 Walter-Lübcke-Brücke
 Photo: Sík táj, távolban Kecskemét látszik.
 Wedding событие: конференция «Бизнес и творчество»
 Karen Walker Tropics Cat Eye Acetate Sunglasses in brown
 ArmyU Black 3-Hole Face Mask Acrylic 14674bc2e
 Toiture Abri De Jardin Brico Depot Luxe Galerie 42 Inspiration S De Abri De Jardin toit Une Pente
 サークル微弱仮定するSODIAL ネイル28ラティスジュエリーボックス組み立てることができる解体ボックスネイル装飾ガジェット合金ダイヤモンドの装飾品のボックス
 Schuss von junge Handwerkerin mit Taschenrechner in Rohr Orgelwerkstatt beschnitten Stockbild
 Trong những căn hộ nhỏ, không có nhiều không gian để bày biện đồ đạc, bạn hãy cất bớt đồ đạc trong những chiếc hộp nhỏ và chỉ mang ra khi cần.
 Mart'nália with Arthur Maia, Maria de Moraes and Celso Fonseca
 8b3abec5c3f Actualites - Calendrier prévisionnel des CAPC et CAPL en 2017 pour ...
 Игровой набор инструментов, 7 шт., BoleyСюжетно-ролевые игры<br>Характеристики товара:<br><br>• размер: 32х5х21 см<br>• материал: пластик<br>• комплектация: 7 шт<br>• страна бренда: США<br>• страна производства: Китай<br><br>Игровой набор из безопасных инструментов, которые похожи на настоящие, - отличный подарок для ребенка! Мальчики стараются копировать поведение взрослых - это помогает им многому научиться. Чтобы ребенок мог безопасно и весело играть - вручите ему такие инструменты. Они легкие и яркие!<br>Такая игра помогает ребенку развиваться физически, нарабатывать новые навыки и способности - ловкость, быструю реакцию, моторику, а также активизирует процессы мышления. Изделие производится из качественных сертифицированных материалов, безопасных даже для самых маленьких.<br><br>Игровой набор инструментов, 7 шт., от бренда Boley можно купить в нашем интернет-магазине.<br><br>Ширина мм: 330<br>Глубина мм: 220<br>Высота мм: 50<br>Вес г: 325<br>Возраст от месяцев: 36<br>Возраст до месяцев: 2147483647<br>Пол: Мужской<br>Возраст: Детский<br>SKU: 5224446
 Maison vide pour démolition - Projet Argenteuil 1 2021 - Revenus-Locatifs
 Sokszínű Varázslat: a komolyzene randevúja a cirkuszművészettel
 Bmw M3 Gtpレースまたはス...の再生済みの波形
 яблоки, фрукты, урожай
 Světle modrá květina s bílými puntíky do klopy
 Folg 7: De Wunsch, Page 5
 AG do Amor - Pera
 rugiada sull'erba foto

* * * *

Exercise aim: The line with "Sokszínű Varázslat: a" and every line after it up to the end of the entries: output those exactly, and only those.

Task answer:
 Sokszínű Varázslat: a komolyzene randevúja a cirkuszművészettel
 Bmw M3 Gtpレースまたはス...の再生済みの波形
 яблоки, фрукты, урожай
 Světle modrá květina s bílými puntíky do klopy
 Folg 7: De Wunsch, Page 5
 AG do Amor - Pera
 rugiada sull'erba foto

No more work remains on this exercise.